** THE TASK **
Output every record below precisely as it is written.

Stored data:
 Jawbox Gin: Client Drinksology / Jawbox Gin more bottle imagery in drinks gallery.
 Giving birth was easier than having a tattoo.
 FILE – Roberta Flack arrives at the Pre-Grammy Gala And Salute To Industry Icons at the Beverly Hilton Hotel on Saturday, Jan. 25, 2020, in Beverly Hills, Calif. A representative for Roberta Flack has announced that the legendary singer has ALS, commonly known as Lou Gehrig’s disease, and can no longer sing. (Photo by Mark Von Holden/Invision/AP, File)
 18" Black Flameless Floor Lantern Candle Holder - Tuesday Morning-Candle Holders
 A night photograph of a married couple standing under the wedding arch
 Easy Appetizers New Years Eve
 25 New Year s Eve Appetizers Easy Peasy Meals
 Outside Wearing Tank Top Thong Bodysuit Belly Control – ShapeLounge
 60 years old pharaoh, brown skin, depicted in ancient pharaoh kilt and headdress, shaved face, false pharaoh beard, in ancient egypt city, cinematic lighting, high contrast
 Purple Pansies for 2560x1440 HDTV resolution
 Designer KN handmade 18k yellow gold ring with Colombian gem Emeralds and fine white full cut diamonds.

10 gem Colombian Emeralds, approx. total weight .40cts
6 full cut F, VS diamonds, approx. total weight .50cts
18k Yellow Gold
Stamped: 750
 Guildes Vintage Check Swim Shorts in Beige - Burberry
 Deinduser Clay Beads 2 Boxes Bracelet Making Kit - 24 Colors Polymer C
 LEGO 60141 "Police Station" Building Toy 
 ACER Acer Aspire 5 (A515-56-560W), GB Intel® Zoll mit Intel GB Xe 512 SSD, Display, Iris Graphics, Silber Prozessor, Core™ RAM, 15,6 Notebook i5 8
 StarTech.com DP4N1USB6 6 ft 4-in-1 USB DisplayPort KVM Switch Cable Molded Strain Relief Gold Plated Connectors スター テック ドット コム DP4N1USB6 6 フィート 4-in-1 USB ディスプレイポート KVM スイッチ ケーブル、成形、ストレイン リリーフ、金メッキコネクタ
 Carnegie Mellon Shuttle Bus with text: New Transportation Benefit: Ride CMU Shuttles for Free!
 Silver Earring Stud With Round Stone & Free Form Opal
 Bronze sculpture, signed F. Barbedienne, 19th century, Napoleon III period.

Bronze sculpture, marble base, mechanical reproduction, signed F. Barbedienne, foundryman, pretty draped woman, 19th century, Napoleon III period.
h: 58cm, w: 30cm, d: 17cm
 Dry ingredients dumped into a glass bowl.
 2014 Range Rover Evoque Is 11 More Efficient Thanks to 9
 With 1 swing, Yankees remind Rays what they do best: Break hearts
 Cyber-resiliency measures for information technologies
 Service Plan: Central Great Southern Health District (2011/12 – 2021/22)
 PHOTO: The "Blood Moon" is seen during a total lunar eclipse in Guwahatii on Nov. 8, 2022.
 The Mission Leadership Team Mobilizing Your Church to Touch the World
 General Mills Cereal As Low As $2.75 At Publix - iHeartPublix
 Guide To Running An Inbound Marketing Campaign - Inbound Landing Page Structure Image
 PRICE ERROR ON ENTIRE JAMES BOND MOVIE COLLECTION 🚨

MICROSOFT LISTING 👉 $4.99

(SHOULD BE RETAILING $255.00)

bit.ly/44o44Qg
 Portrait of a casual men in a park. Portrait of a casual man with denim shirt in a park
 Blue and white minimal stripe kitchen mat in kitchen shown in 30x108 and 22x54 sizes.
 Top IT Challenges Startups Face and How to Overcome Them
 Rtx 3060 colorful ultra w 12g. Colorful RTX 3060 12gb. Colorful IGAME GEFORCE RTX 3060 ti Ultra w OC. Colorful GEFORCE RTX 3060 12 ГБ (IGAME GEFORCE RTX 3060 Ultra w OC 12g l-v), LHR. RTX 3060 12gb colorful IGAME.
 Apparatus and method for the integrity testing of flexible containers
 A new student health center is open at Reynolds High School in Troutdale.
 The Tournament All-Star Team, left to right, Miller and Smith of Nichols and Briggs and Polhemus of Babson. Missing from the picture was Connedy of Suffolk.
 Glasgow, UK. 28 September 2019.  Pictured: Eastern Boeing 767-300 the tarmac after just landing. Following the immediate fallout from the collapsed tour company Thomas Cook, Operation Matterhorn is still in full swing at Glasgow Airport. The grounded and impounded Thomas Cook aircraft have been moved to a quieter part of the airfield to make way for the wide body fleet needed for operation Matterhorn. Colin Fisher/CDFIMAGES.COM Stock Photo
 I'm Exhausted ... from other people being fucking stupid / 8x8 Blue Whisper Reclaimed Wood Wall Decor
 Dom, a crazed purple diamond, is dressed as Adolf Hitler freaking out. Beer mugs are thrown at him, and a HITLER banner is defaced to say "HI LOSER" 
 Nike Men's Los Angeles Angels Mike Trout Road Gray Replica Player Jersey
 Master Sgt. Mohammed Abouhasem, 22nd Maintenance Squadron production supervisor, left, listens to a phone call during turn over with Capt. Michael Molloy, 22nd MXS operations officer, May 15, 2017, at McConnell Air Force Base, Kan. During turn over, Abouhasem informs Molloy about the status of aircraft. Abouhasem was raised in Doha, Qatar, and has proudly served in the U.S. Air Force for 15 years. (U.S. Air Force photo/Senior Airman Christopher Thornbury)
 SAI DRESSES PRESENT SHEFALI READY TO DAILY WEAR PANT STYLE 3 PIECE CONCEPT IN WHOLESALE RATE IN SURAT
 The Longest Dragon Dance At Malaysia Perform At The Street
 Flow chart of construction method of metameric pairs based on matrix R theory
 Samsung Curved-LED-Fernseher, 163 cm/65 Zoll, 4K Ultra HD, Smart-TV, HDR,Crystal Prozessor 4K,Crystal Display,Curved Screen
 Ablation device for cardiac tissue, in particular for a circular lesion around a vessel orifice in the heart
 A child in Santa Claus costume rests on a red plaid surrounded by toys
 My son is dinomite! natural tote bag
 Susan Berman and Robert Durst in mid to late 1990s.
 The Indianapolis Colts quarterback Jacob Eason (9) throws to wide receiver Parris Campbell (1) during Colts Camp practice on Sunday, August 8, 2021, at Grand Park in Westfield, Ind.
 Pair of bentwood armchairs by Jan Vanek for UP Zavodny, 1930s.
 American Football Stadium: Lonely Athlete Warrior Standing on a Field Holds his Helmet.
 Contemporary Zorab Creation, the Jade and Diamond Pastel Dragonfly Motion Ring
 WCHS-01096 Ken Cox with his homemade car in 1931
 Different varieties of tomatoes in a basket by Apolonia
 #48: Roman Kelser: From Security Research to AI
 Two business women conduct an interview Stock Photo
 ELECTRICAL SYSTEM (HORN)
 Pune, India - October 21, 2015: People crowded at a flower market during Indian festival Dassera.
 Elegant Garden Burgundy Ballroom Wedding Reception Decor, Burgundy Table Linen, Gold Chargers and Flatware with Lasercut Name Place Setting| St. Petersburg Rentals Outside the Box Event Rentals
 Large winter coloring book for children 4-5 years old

** RESULT OF THE EXERCISE **
 Jawbox Gin: Client Drinksology / Jawbox Gin more bottle imagery in drinks gallery.
 Giving birth was easier than having a tattoo.
 FILE – Roberta Flack arrives at the Pre-Grammy Gala And Salute To Industry Icons at the Beverly Hilton Hotel on Saturday, Jan. 25, 2020, in Beverly Hills, Calif. A representative for Roberta Flack has announced that the legendary singer has ALS, commonly known as Lou Gehrig’s disease, and can no longer sing. (Photo by Mark Von Holden/Invision/AP, File)
 18" Black Flameless Floor Lantern Candle Holder - Tuesday Morning-Candle Holders
 A night photograph of a married couple standing under the wedding arch
 Easy Appetizers New Years Eve
 25 New Year s Eve Appetizers Easy Peasy Meals
 Outside Wearing Tank Top Thong Bodysuit Belly Control – ShapeLounge
 60 years old pharaoh, brown skin, depicted in ancient pharaoh kilt and headdress, shaved face, false pharaoh beard, in ancient egypt city, cinematic lighting, high contrast
 Purple Pansies for 2560x1440 HDTV resolution
 Designer KN handmade 18k yellow gold ring with Colombian gem Emeralds and fine white full cut diamonds.

10 gem Colombian Emeralds, approx. total weight .40cts
6 full cut F, VS diamonds, approx. total weight .50cts
18k Yellow Gold
Stamped: 750
 Guildes Vintage Check Swim Shorts in Beige - Burberry
 Deinduser Clay Beads 2 Boxes Bracelet Making Kit - 24 Colors Polymer C
 LEGO 60141 "Police Station" Building Toy 
 ACER Acer Aspire 5 (A515-56-560W), GB Intel® Zoll mit Intel GB Xe 512 SSD, Display, Iris Graphics, Silber Prozessor, Core™ RAM, 15,6 Notebook i5 8
 StarTech.com DP4N1USB6 6 ft 4-in-1 USB DisplayPort KVM Switch Cable Molded Strain Relief Gold Plated Connectors スター テック ドット コム DP4N1USB6 6 フィート 4-in-1 USB ディスプレイポート KVM スイッチ ケーブル、成形、ストレイン リリーフ、金メッキコネクタ
 Carnegie Mellon Shuttle Bus with text: New Transportation Benefit: Ride CMU Shuttles for Free!
 Silver Earring Stud With Round Stone & Free Form Opal
 Bronze sculpture, signed F. Barbedienne, 19th century, Napoleon III period.

Bronze sculpture, marble base, mechanical reproduction, signed F. Barbedienne, foundryman, pretty draped woman, 19th century, Napoleon III period.
h: 58cm, w: 30cm, d: 17cm
 Dry ingredients dumped into a glass bowl.
 2014 Range Rover Evoque Is 11 More Efficient Thanks to 9
 With 1 swing, Yankees remind Rays what they do best: Break hearts
 Cyber-resiliency measures for information technologies
 Service Plan: Central Great Southern Health District (2011/12 – 2021/22)
 PHOTO: The "Blood Moon" is seen during a total lunar eclipse in Guwahatii on Nov. 8, 2022.
 The Mission Leadership Team Mobilizing Your Church to Touch the World
 General Mills Cereal As Low As $2.75 At Publix - iHeartPublix
 Guide To Running An Inbound Marketing Campaign - Inbound Landing Page Structure Image
 PRICE ERROR ON ENTIRE JAMES BOND MOVIE COLLECTION 🚨

MICROSOFT LISTING 👉 $4.99

(SHOULD BE RETAILING $255.00)

bit.ly/44o44Qg
 Portrait of a casual men in a park. Portrait of a casual man with denim shirt in a park
 Blue and white minimal stripe kitchen mat in kitchen shown in 30x108 and 22x54 sizes.
 Top IT Challenges Startups Face and How to Overcome Them
 Rtx 3060 colorful ultra w 12g. Colorful RTX 3060 12gb. Colorful IGAME GEFORCE RTX 3060 ti Ultra w OC. Colorful GEFORCE RTX 3060 12 ГБ (IGAME GEFORCE RTX 3060 Ultra w OC 12g l-v), LHR. RTX 3060 12gb colorful IGAME.
 Apparatus and method for the integrity testing of flexible containers
 A new student health center is open at Reynolds High School in Troutdale.
 The Tournament All-Star Team, left to right, Miller and Smith of Nichols and Briggs and Polhemus of Babson. Missing from the picture was Connedy of Suffolk.
 Glasgow, UK. 28 September 2019.  Pictured: Eastern Boeing 767-300 the tarmac after just landing. Following the immediate fallout from the collapsed tour company Thomas Cook, Operation Matterhorn is still in full swing at Glasgow Airport. The grounded and impounded Thomas Cook aircraft have been moved to a quieter part of the airfield to make way for the wide body fleet needed for operation Matterhorn. Colin Fisher/CDFIMAGES.COM Stock Photo
 I'm Exhausted ... from other people being fucking stupid / 8x8 Blue Whisper Reclaimed Wood Wall Decor
 Dom, a crazed purple diamond, is dressed as Adolf Hitler freaking out. Beer mugs are thrown at him, and a HITLER banner is defaced to say "HI LOSER" 
 Nike Men's Los Angeles Angels Mike Trout Road Gray Replica Player Jersey
 Master Sgt. Mohammed Abouhasem, 22nd Maintenance Squadron production supervisor, left, listens to a phone call during turn over with Capt. Michael Molloy, 22nd MXS operations officer, May 15, 2017, at McConnell Air Force Base, Kan. During turn over, Abouhasem informs Molloy about the status of aircraft. Abouhasem was raised in Doha, Qatar, and has proudly served in the U.S. Air Force for 15 years. (U.S. Air Force photo/Senior Airman Christopher Thornbury)
 SAI DRESSES PRESENT SHEFALI READY TO DAILY WEAR PANT STYLE 3 PIECE CONCEPT IN WHOLESALE RATE IN SURAT
 The Longest Dragon Dance At Malaysia Perform At The Street
 Flow chart of construction method of metameric pairs based on matrix R theory
 Samsung Curved-LED-Fernseher, 163 cm/65 Zoll, 4K Ultra HD, Smart-TV, HDR,Crystal Prozessor 4K,Crystal Display,Curved Screen
 Ablation device for cardiac tissue, in particular for a circular lesion around a vessel orifice in the heart
 A child in Santa Claus costume rests on a red plaid surrounded by toys
 My son is dinomite! natural tote bag
 Susan Berman and Robert Durst in mid to late 1990s.
 The Indianapolis Colts quarterback Jacob Eason (9) throws to wide receiver Parris Campbell (1) during Colts Camp practice on Sunday, August 8, 2021, at Grand Park in Westfield, Ind.
 Pair of bentwood armchairs by Jan Vanek for UP Zavodny, 1930s.
 American Football Stadium: Lonely Athlete Warrior Standing on a Field Holds his Helmet.
 Contemporary Zorab Creation, the Jade and Diamond Pastel Dragonfly Motion Ring
 WCHS-01096 Ken Cox with his homemade car in 1931
 Different varieties of tomatoes in a basket by Apolonia
 #48: Roman Kelser: From Security Research to AI
 Two business women conduct an interview Stock Photo
 ELECTRICAL SYSTEM (HORN)
 Pune, India - October 21, 2015: People crowded at a flower market during Indian festival Dassera.
 Elegant Garden Burgundy Ballroom Wedding Reception Decor, Burgundy Table Linen, Gold Chargers and Flatware with Lasercut Name Place Setting| St. Petersburg Rentals Outside the Box Event Rentals
 Large winter coloring book for children 4-5 years old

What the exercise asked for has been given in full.